[Start of section]

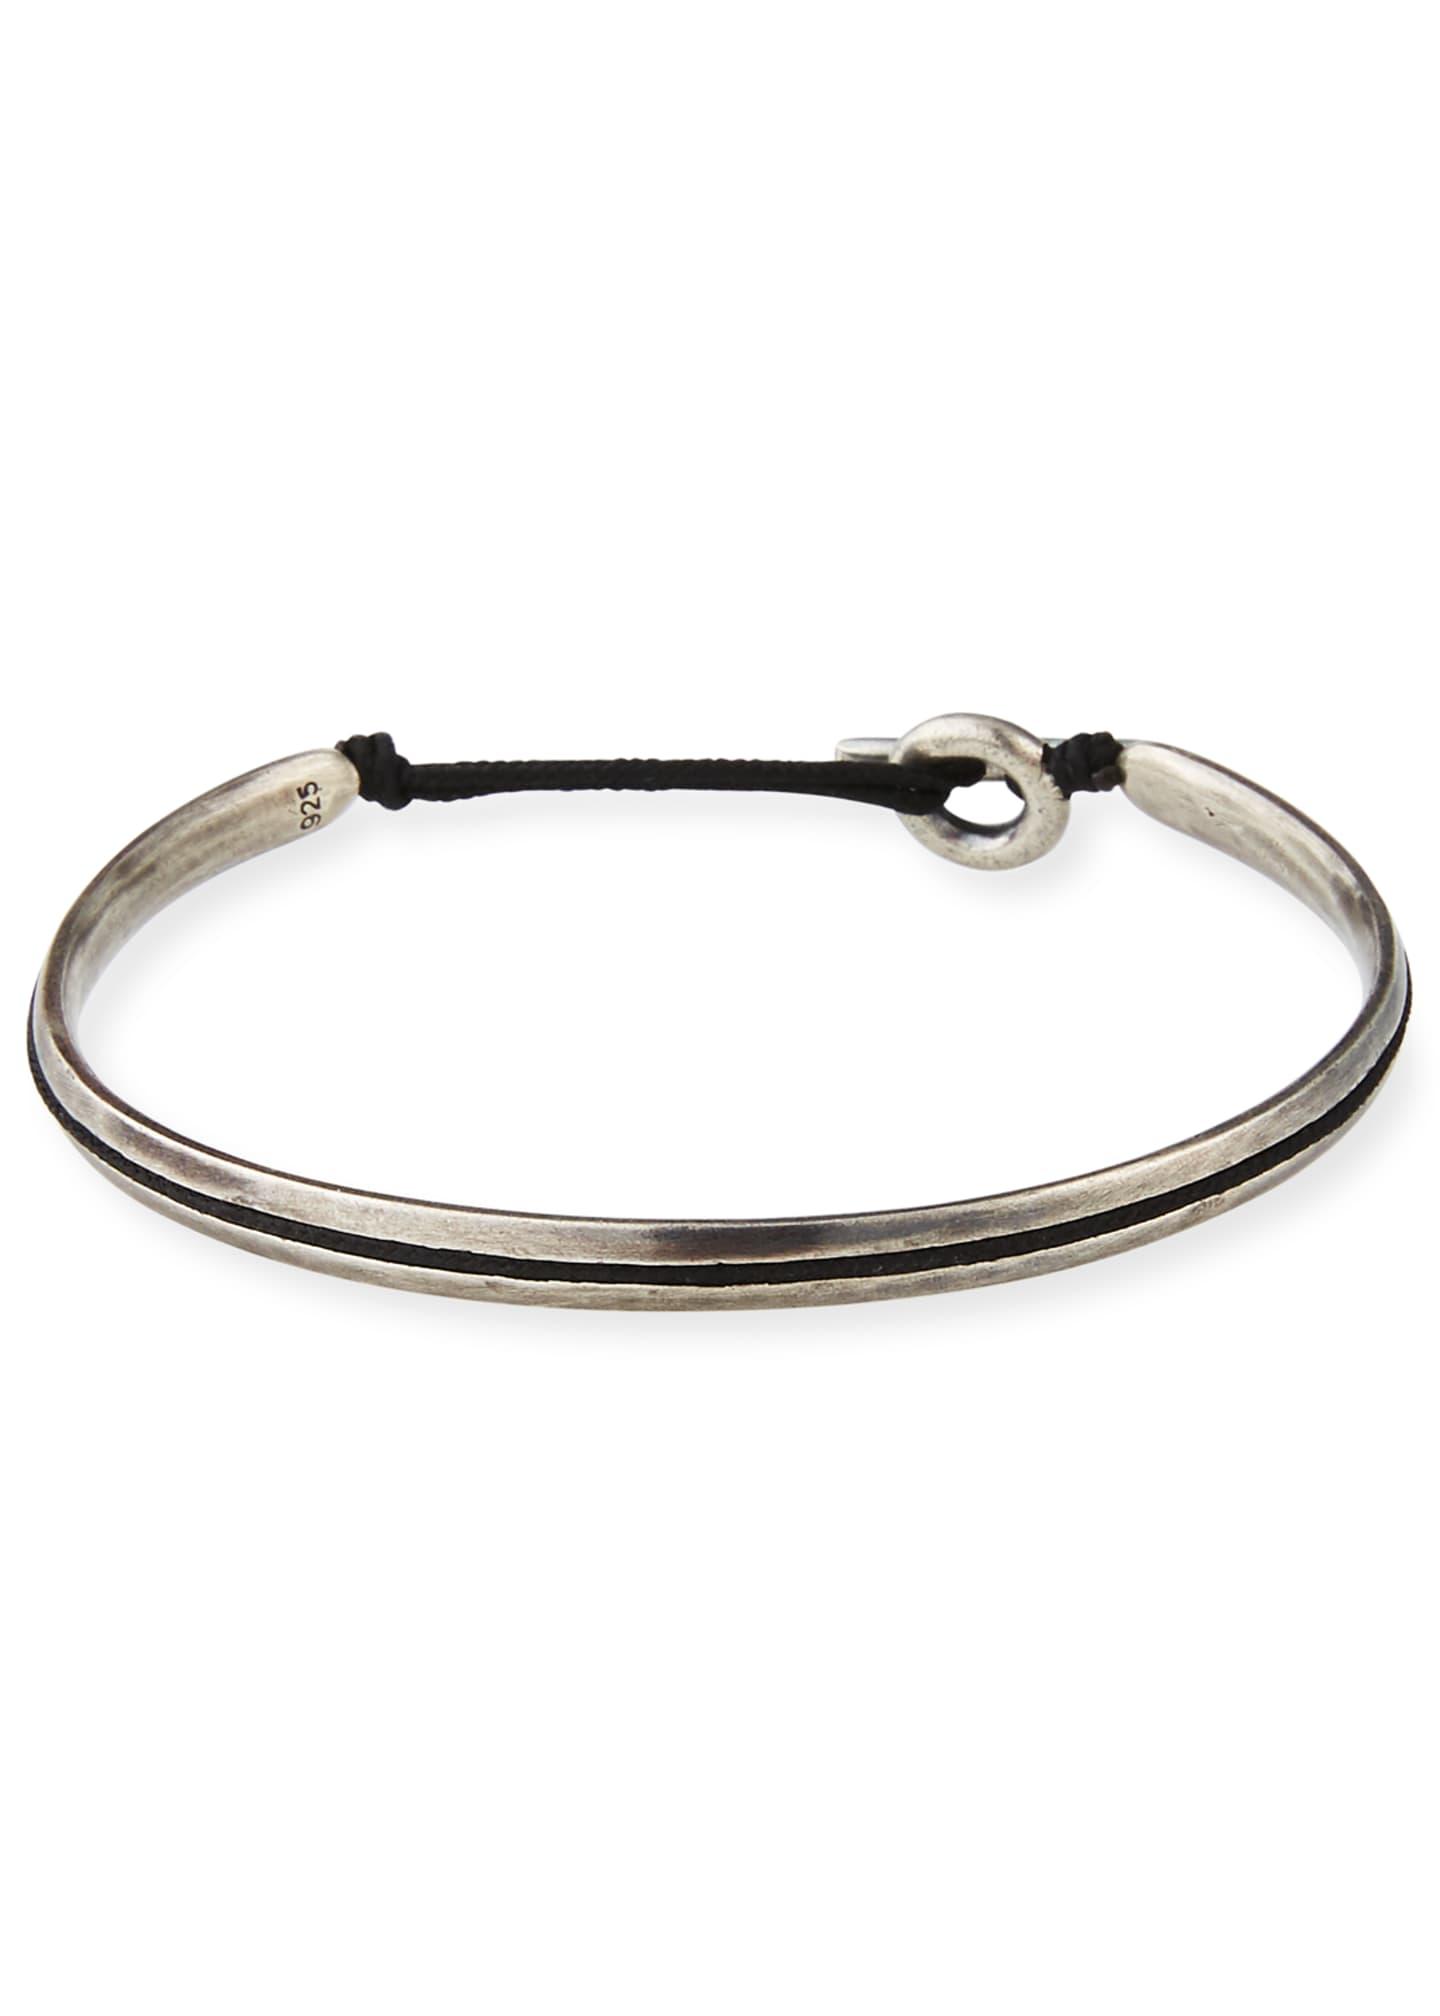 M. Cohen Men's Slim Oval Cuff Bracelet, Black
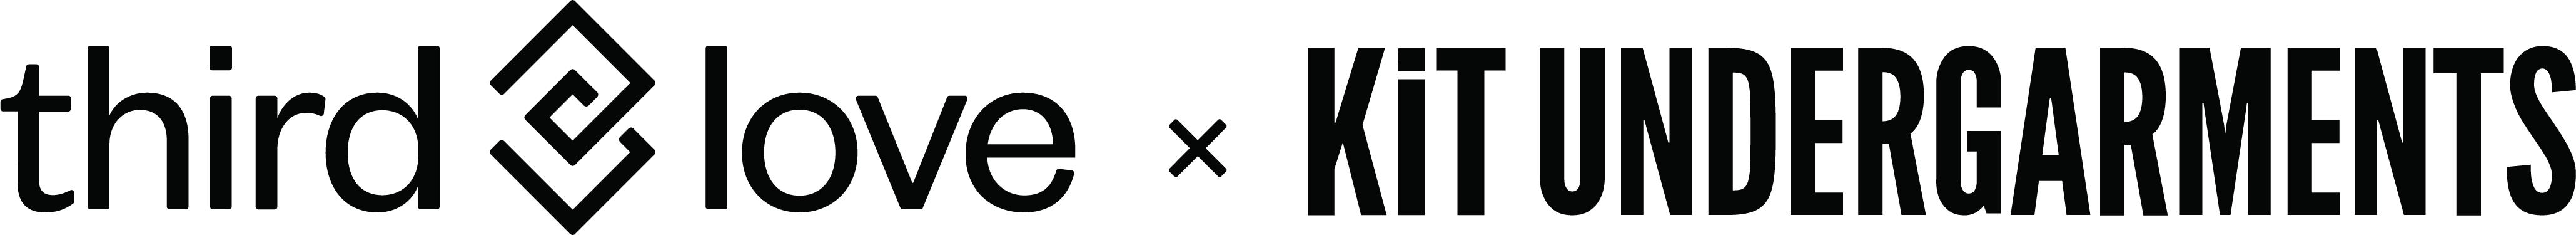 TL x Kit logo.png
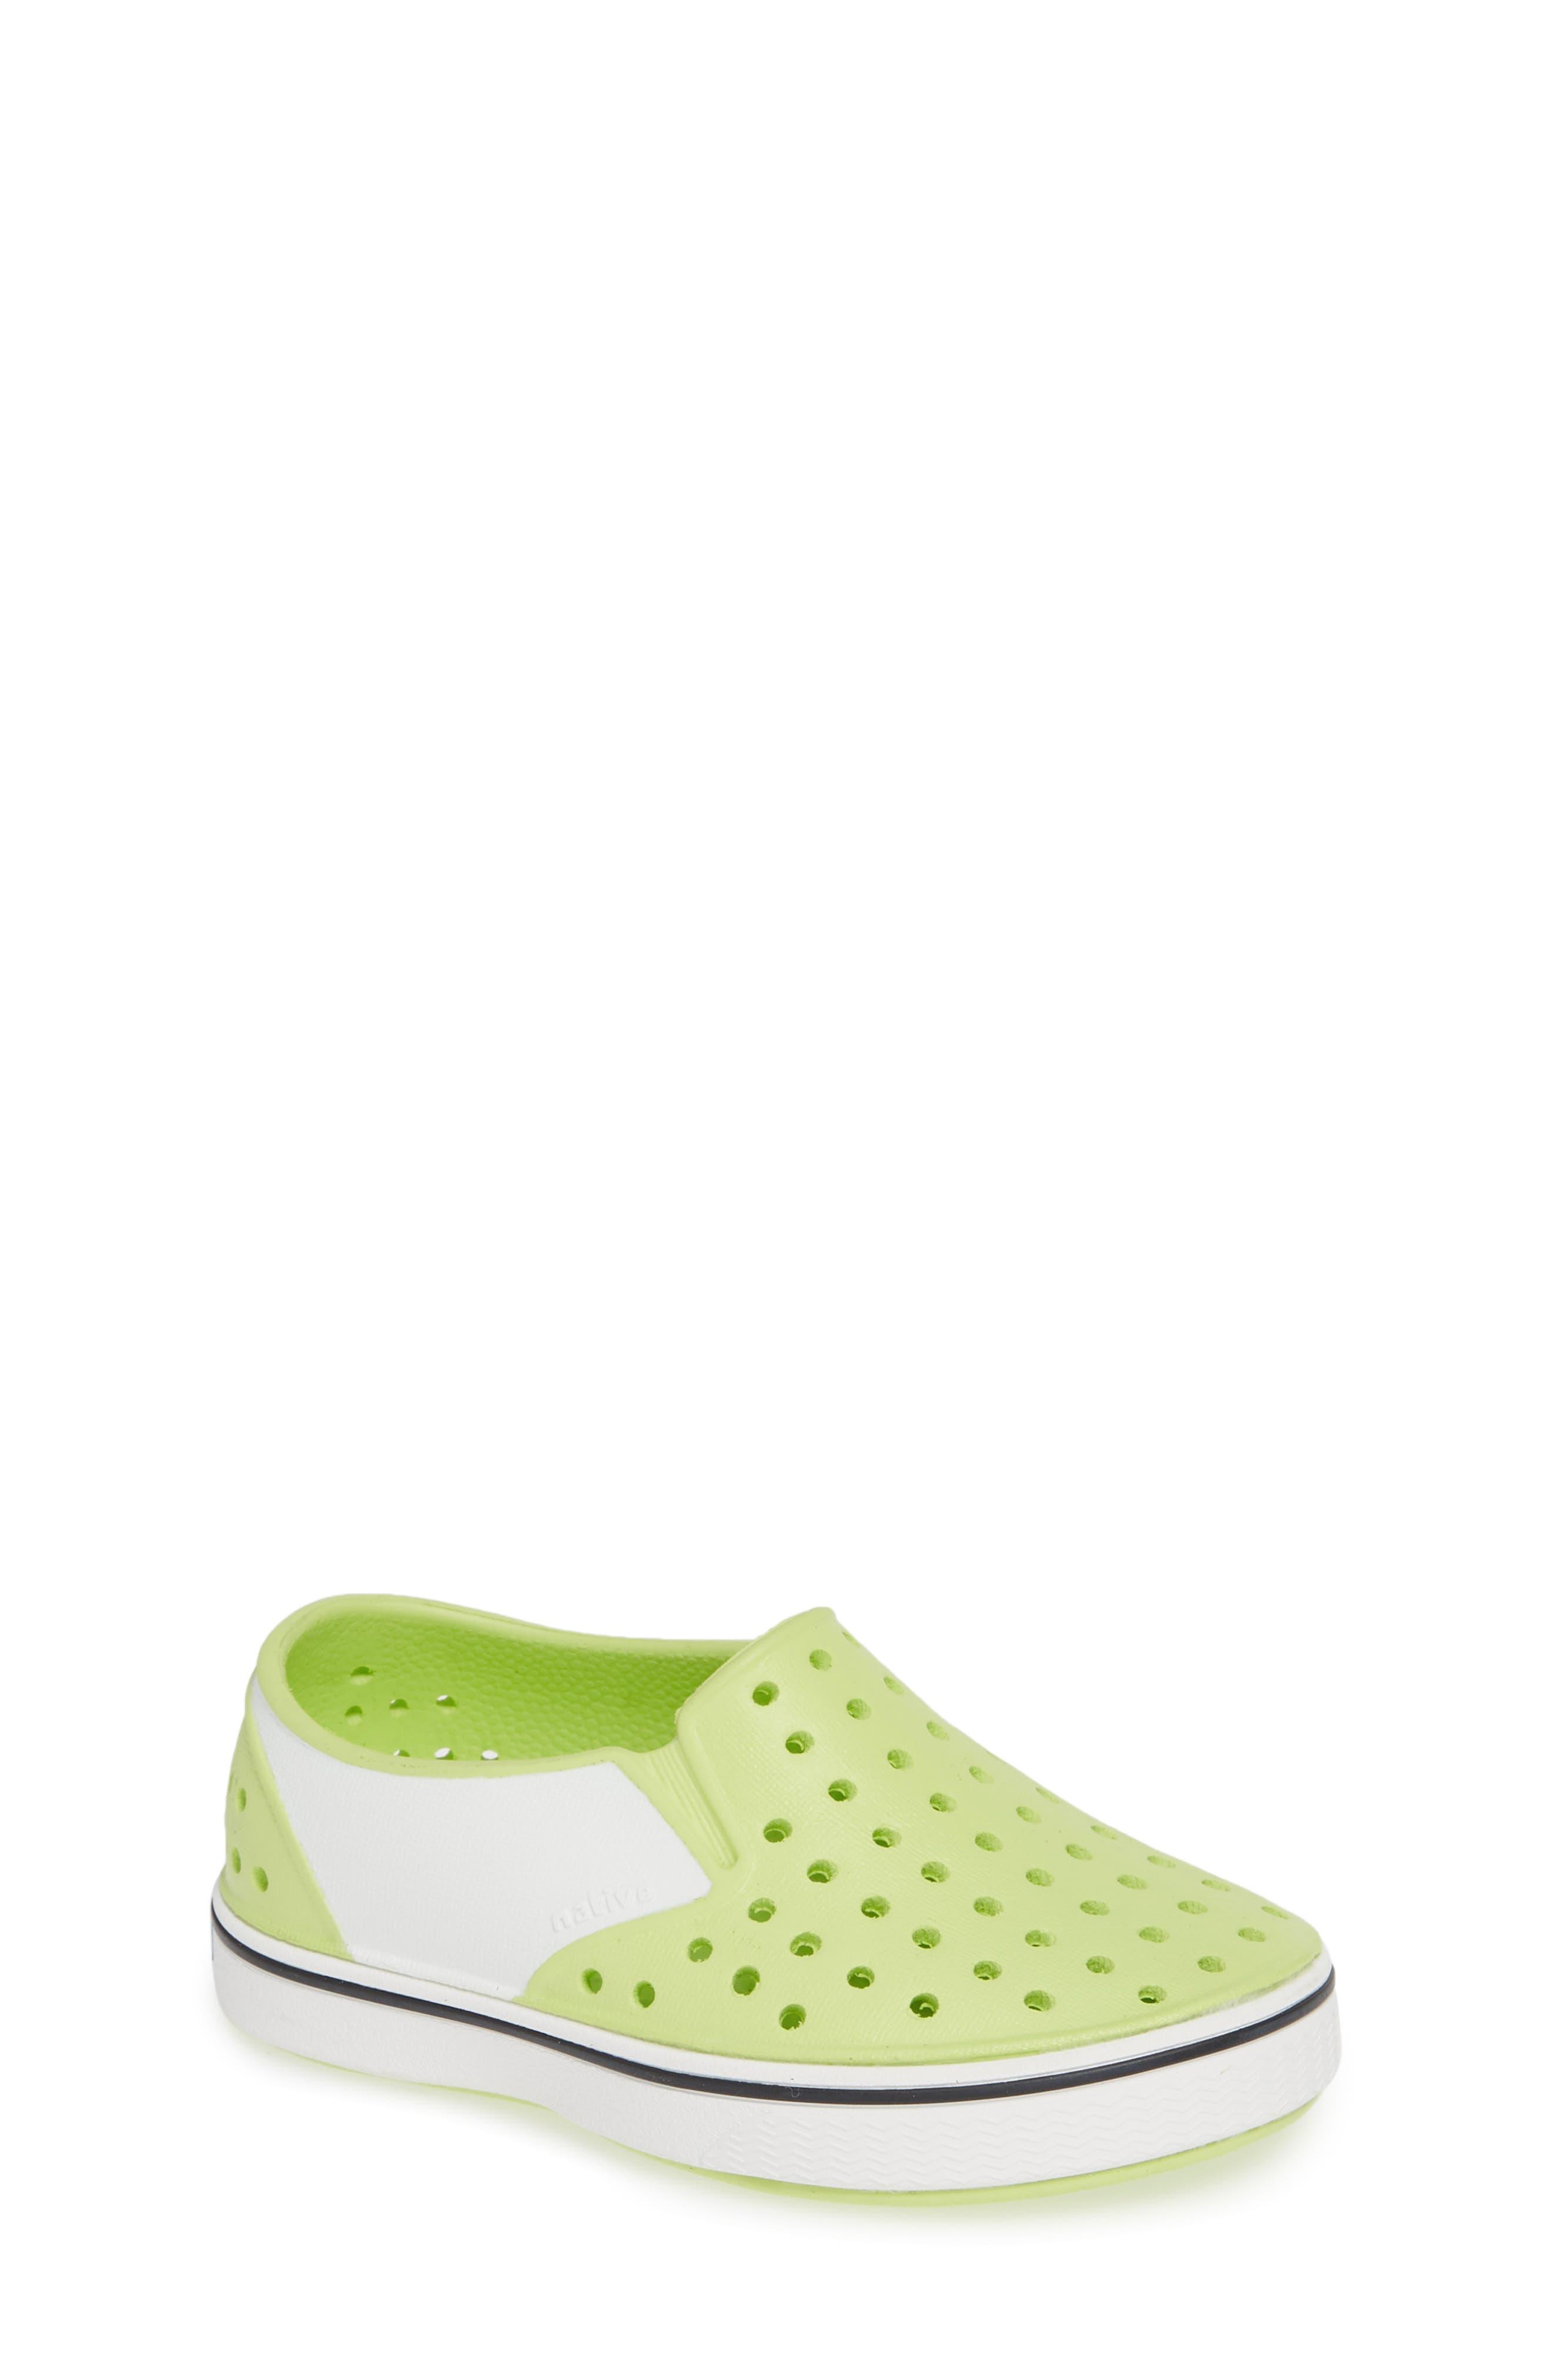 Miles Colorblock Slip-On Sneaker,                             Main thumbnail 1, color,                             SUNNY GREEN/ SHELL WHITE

[End of section]

*ACTIVITY*. Return the listing verbatim, pictures excluded.

*ANSWER SECTION*.
 M. Cohen Men's Slim Oval Cuff Bracelet, Black
 TL x Kit logo.png
 Miles Colorblock Slip-On Sneaker,                             Main thumbnail 1, color,                             SUNNY GREEN/ SHELL WHITE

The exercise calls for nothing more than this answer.